_Task to complete_
Return all the lines below exactly. Any picture among them is omitted.

_Dataset content_
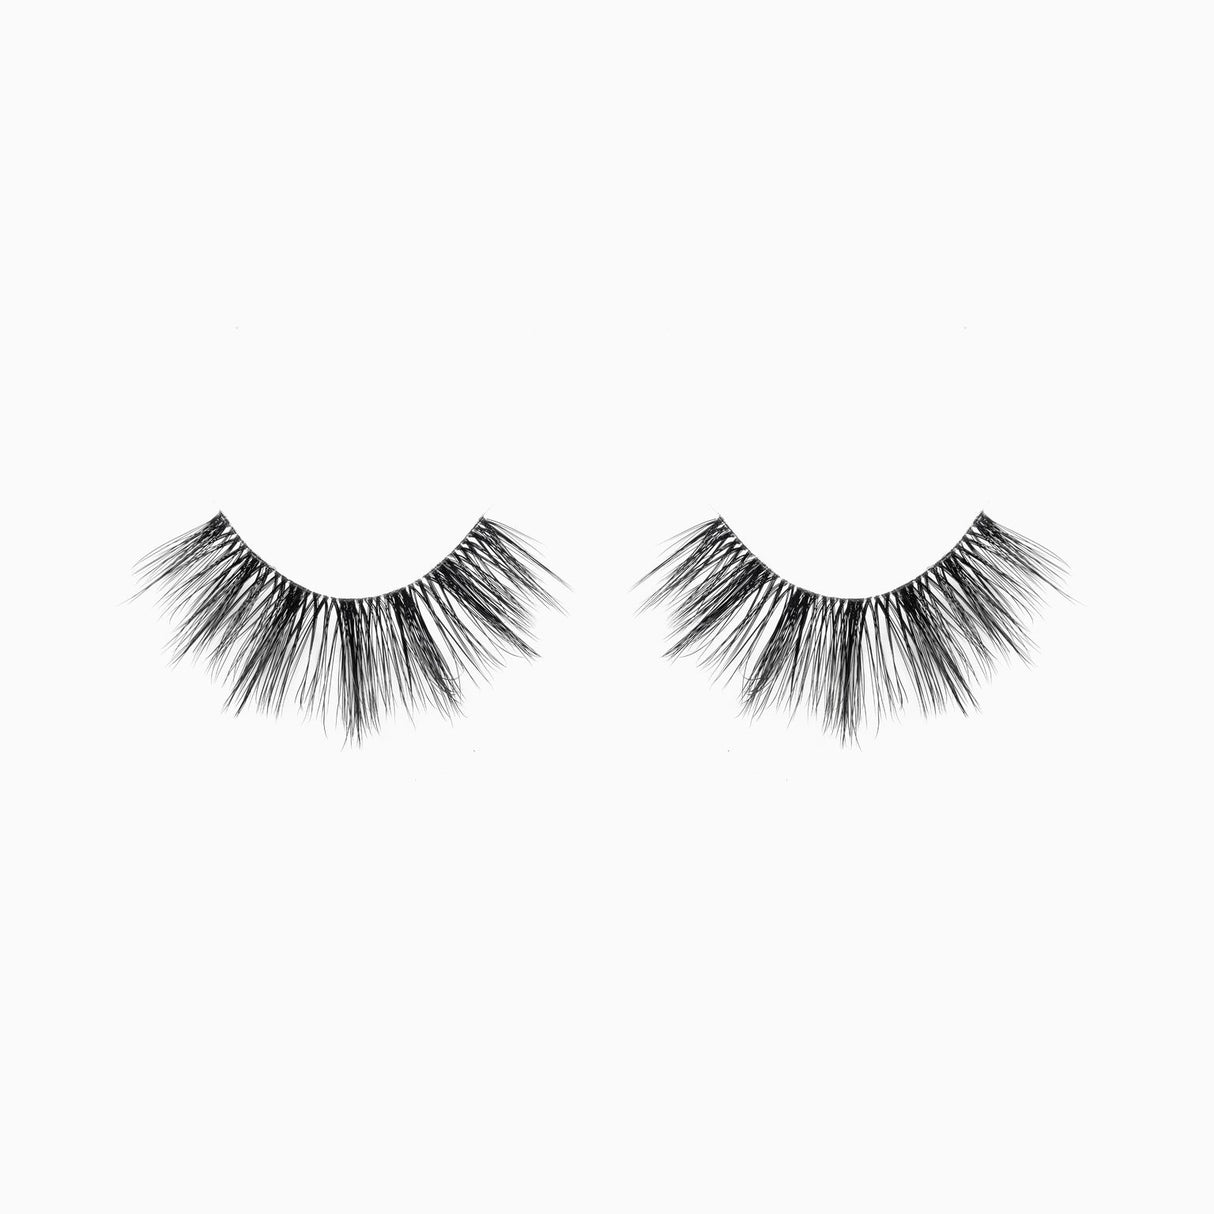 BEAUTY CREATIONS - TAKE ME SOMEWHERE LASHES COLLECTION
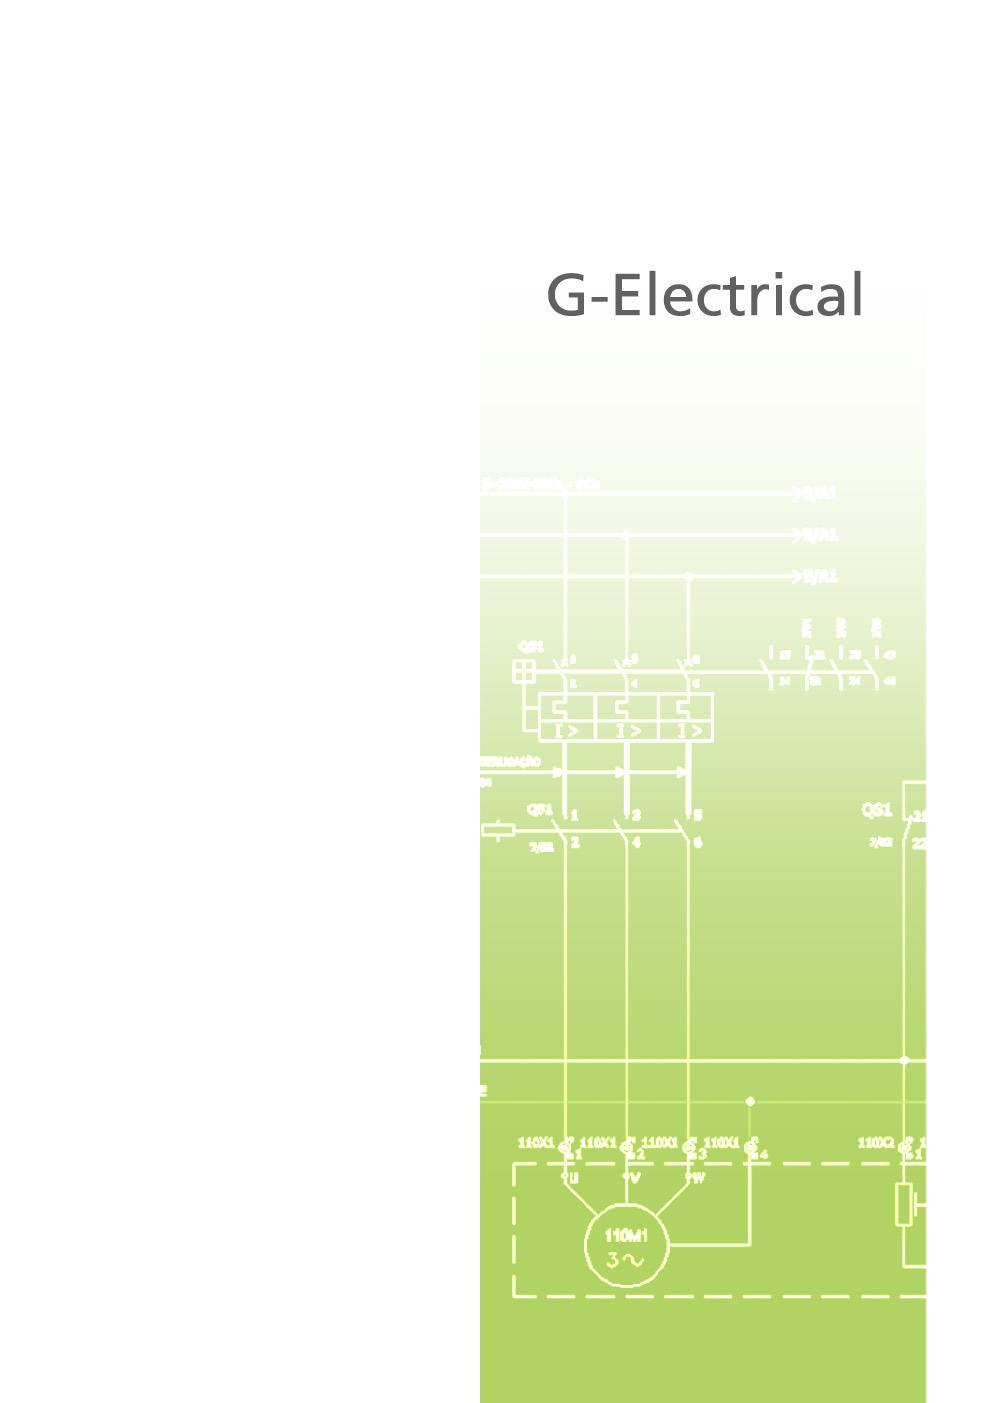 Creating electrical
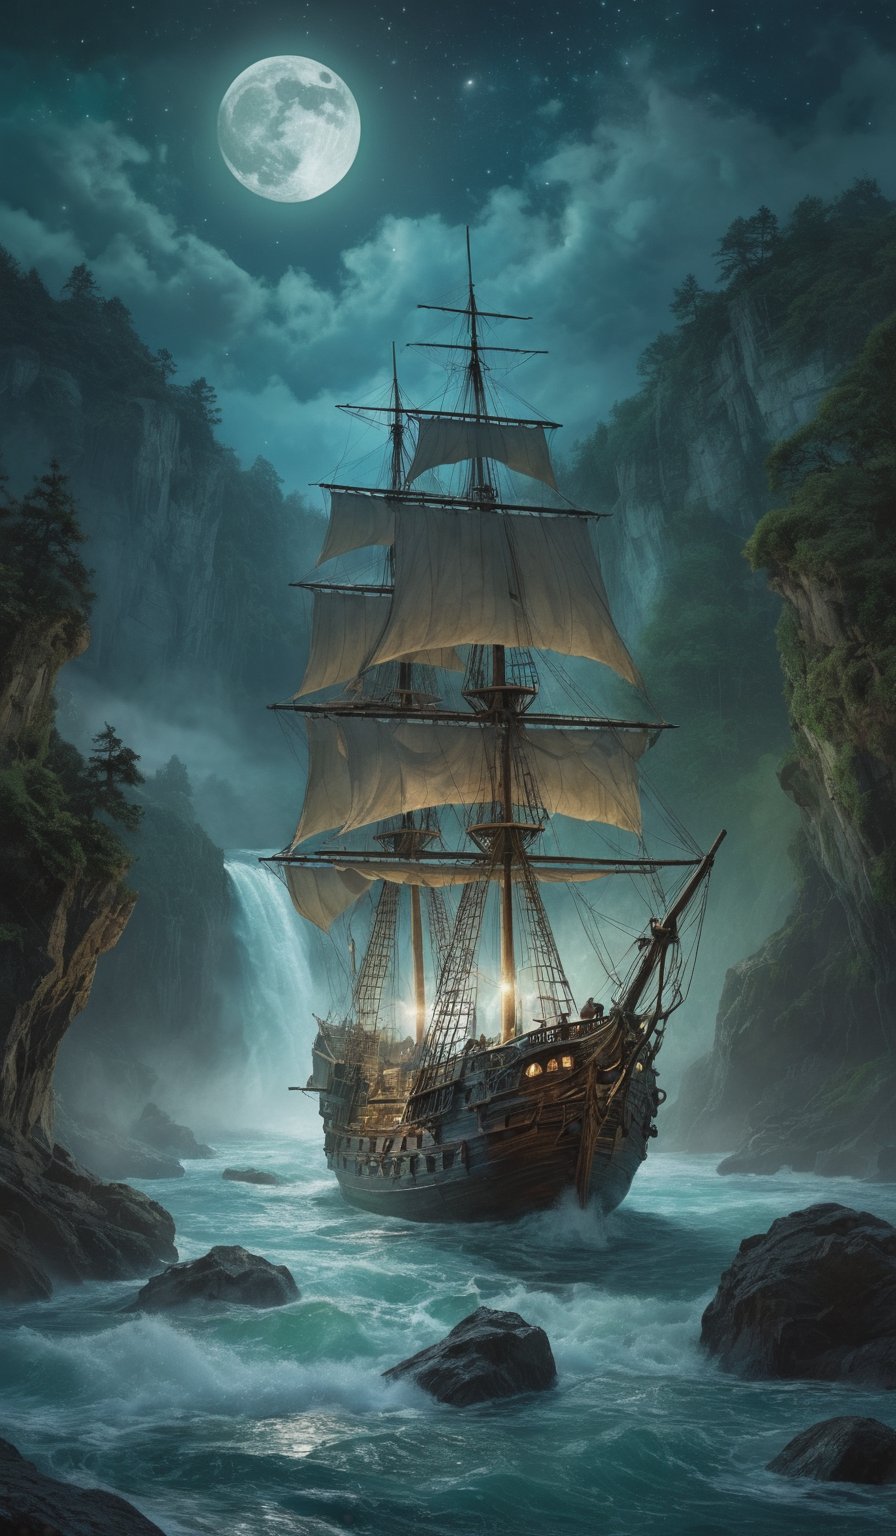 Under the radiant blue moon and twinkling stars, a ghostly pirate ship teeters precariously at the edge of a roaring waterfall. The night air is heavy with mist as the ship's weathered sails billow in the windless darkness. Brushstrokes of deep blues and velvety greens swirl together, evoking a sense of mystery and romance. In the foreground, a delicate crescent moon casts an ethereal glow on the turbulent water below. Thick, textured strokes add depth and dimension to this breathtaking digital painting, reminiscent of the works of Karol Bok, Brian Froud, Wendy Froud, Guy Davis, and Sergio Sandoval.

_Response below_
 BEAUTY CREATIONS - TAKE ME SOMEWHERE LASHES COLLECTION
 Creating electrical
 Under the radiant blue moon and twinkling stars, a ghostly pirate ship teeters precariously at the edge of a roaring waterfall. The night air is heavy with mist as the ship's weathered sails billow in the windless darkness. Brushstrokes of deep blues and velvety greens swirl together, evoking a sense of mystery and romance. In the foreground, a delicate crescent moon casts an ethereal glow on the turbulent water below. Thick, textured strokes add depth and dimension to this breathtaking digital painting, reminiscent of the works of Karol Bok, Brian Froud, Wendy Froud, Guy Davis, and Sergio Sandoval.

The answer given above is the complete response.